Readily accessible credit has often been cited as a necessary ingredient to open up the market for residential photovoltaic (PV) systems. Though financing does not reduce the high up-front cost of PV, by spreading that cost over some portion of the system's life, financing can certainly make PV systems more affordable.
As a result, a number of states have, in the past, set up special residential loan programs targeting the installation of renewable energy systems and/or energy efficiency improvements, and often featuring low interest rates, longer terms, and no-hassle application requirements.
Historically, these loan programs have met with mixed success (particularly for PV), for a variety of reasons, including:
- historical lack of homeowner interest in PV,
- lack of program awareness,
- reduced appeal in a low-interest-rate environment, and
- a tendency for early PV adopters to be wealthy, and not in need of financing.

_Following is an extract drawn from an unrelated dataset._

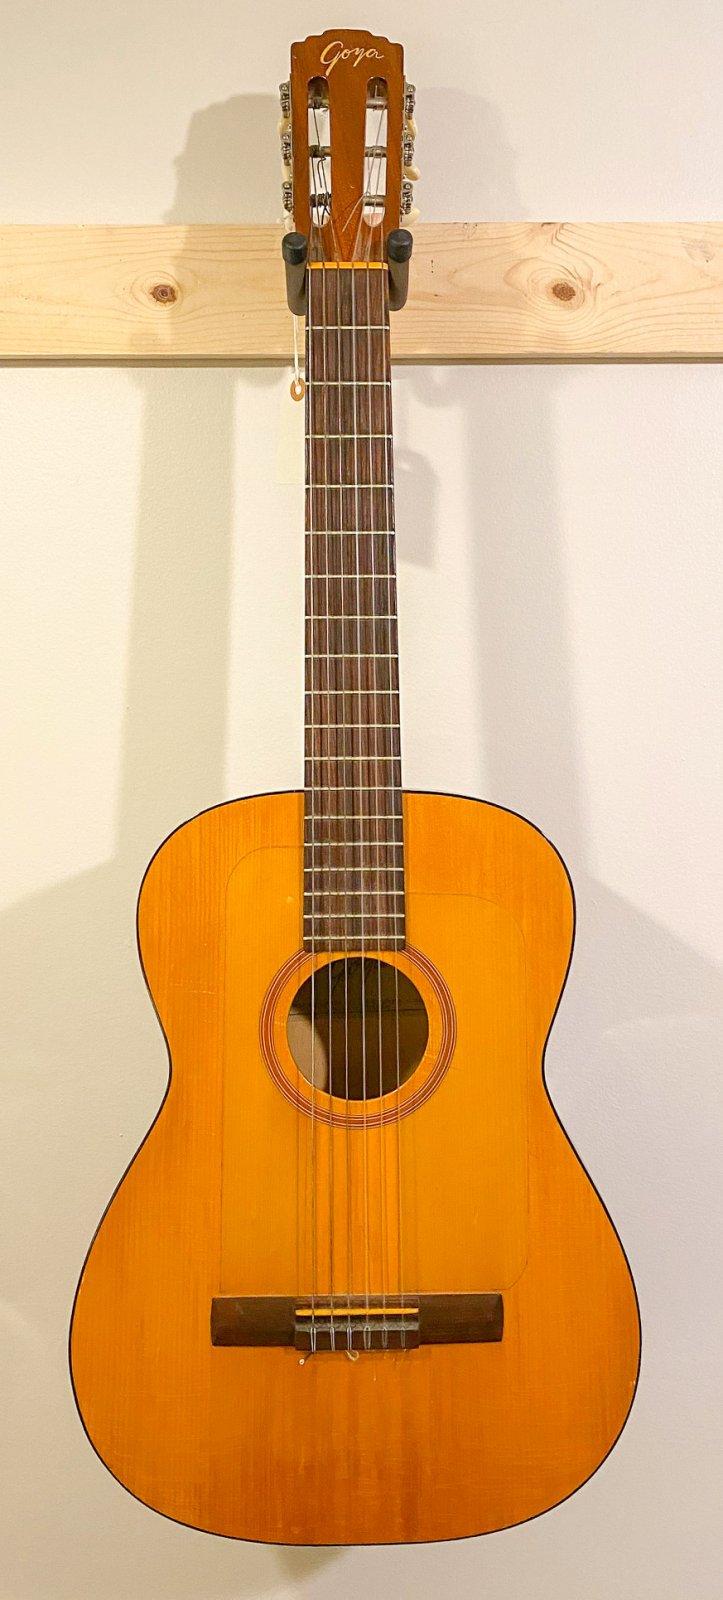 1966 Goya G-10 classical guitar

Although some of these barriers have begun to fade – most notably, homeowner interest in PV has grown in some states, particularly those that offer solar rebates – the passage of the Energy Policy Act of 2005 (EPAct 2005) introduced one additional roadblock to the success of low-interest PV loan programs: a residential solar investment tax credit (ITC), subject to the Federal government's "anti-double-dipping" rules. Specifically, the residential solar ITC—equal to 30% of the system's tax basis, capped at $2000—will be reduced or offset if the system also benefits from what is known as "subsidized energy financing," which is likely to include most government-sponsored low-interest loan programs.